Кабинет его завален множеством книг и бумаг; между прочим, я видел у него большую редкость: Свод русских законов, изданный в половине XIX столетия по Р. X.; многие листы истлели совершенно, но другие еще сохранились в целости; эта редкость как святыня хранится под стеклом в драгоценном ковчеге, на котором начертано имя государя, при котором этот свод был издан.
"Это один из первых памятников, - сказал мне хозяин, - Русского законодательства; от изменения языка, в течение столь долгого времени, многое в сем памятнике сделалось ныне совершенно необъяснимым, но из того, что мы до сих пор могли разобрать, видно, как древне наше просвещение! такие памятники должно сохранять благодарное потомство". <...>
<...> Сегодня поутру зашел ко мне г-н Хартин и пригласил осмотреть залу общего собрания Академии. "Не знаю, - сказал он, - позволят ли нам сегодня остаться в заседании, но до начала его вы успеете познакомиться с некоторыми из здешних ученых".
Зала Ученого Конгресса, как я тебе уже писал, находится в здании Кабинета Редкостей. Сюда, сверх еженедельных собраний, собираются ученые почти ежедневно; большею частию они здесь и живут, чтобы удобнее пользоваться огромными библиотеками и физическою лабораторией Кабинета. Сюда приходят и физик, и историк, и поэт, и музыкант, и живописец; они благородно поверяют друг другу свои мысли, опыты, даже и неудачные, самые зародыши своих открытий, ничего не скрывая, без ложной скромности и без самохвальства; здесь они совещаются о средствах согласовать труды свои и дать им единство направления; сему весьма способствует особая организация сего сословия, которое я опишу тебе в одном из будущих моих писем. Мы вошли в огромную залу, украшенную статуями и портретами великих людей; несколько столов были заняты книгами, а другие физическими снарядами, приготовленными для опытов; к одному из столов были протянуты проводники от огромнейшей в мире гальвано-магнетической цепи, которая одна занимала особое здание в несколько этажей.
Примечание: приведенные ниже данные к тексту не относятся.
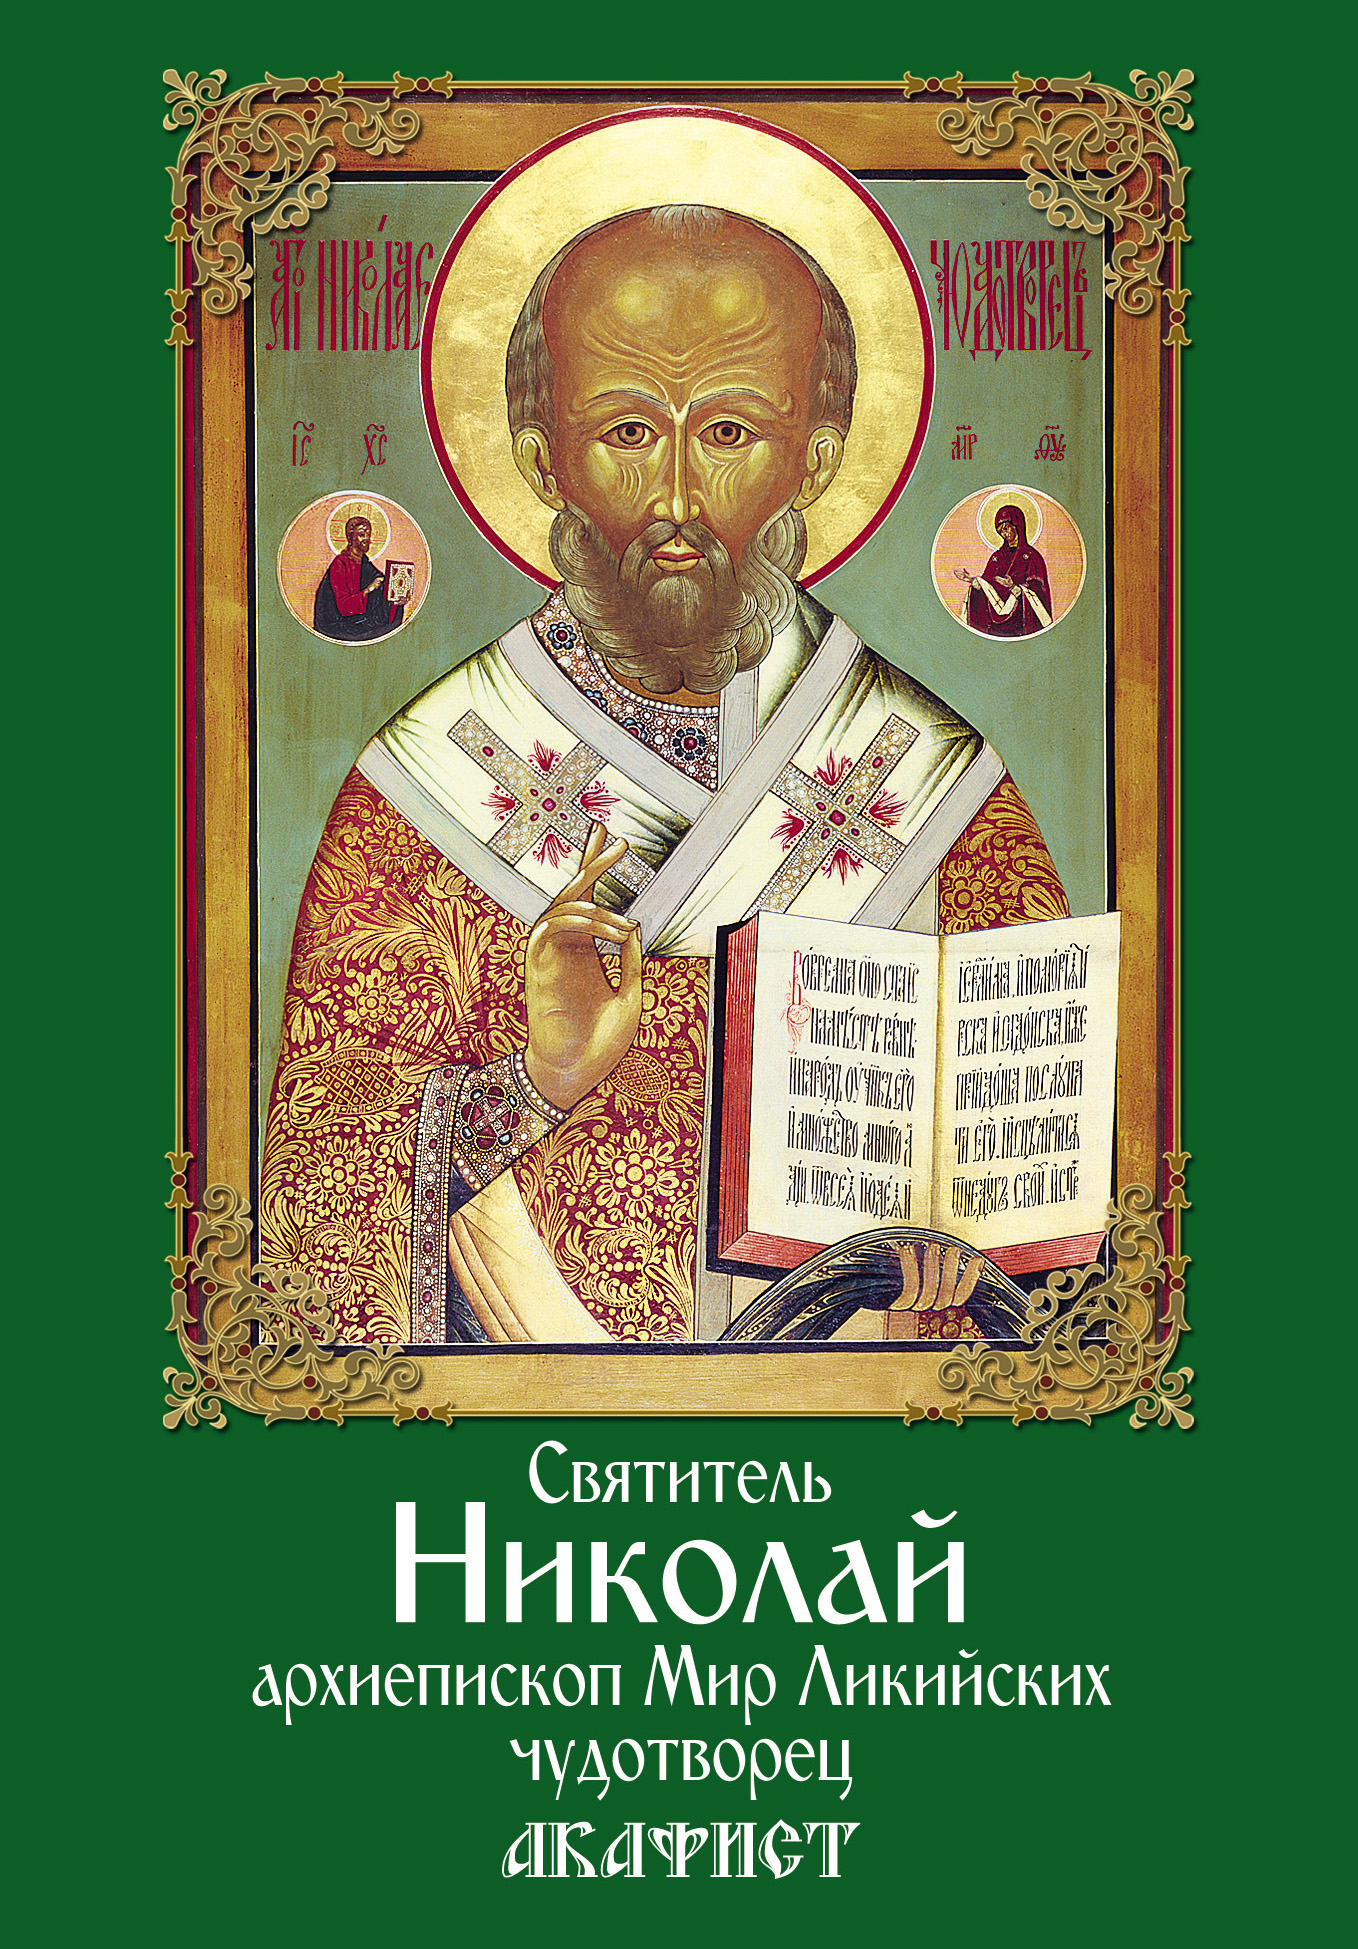 Святитель Николай, архиепископ Мир Ликийских, чудотворец. Акафист

Было еще рано и посетителей мало. В небольшом кружку с жаром говорили о недавно вышедшей книжке; эта книжка была представлена Конгрессу одним молодым археологом и имела предметом объяснить весьма спорную и любопытную задачу, а именно о древнем названии Петербурга. Тебе, может быть, неизвестно, что по сему предмету существуют самые противоречащие мнения. Исторические свидетельства убеждают, что этот город был основан тем великим государем, которого он носит имя. Об этом никто не спорит; но открытия некоторых древних рукописей привели к мысли, что, по неизъяснимым причинам, сей знаменитый город в продолжение тысячелетия несколько раз переменял свое название. Эти открытия привели в волнение всех здешних археологов: один из них доказывает, что древнейшее название Петербурга было Петрополь, и приводит в доказательство стих древнего поэта:
Петрополь с башнями дремал... Ему возражали, и не без основания, что в этом стихе должна быть опечатка. Другой утверждает, также основываясь на древних свидетельствах, что древнейшее название Петербурга было Петроград. Я не буду высчитывать всех других предположений по сему предмету: молодой археолог опровергает их всех без исключения. Перерывая полуистлевшие слои древних книг, он нашел связку рукописей, которых некоторые листы больше других были пощажены временем. Несколько уцелевших строк подали ему повод написать целую книгу комментарий, в которых он доказывает, что древнее название Петербурга было Питер; в подтверждение своего мнения, он представил Конгрессу подлинную рукопись. Я видел сей драгоценный памятник древности; он писан на той ткани, которую древние называли бумагою и которой тайна приготовления ныне потеряна; впрочем, жалеть нечего, ибо ее непрочность причиною тому, что для нас исчезли совершенно все письменные памятники древности. Я списал для тебя эти несколько строк, приведших в движение всех ученых; вот они:
"Пишу я вам, почтеннейший, из Питера, а на днях отправляюсь в Кронштадт, где мне предлагают место помощника столоначальника... с жалованьем по пятисот рублей в год..." Остальное истребилось временем.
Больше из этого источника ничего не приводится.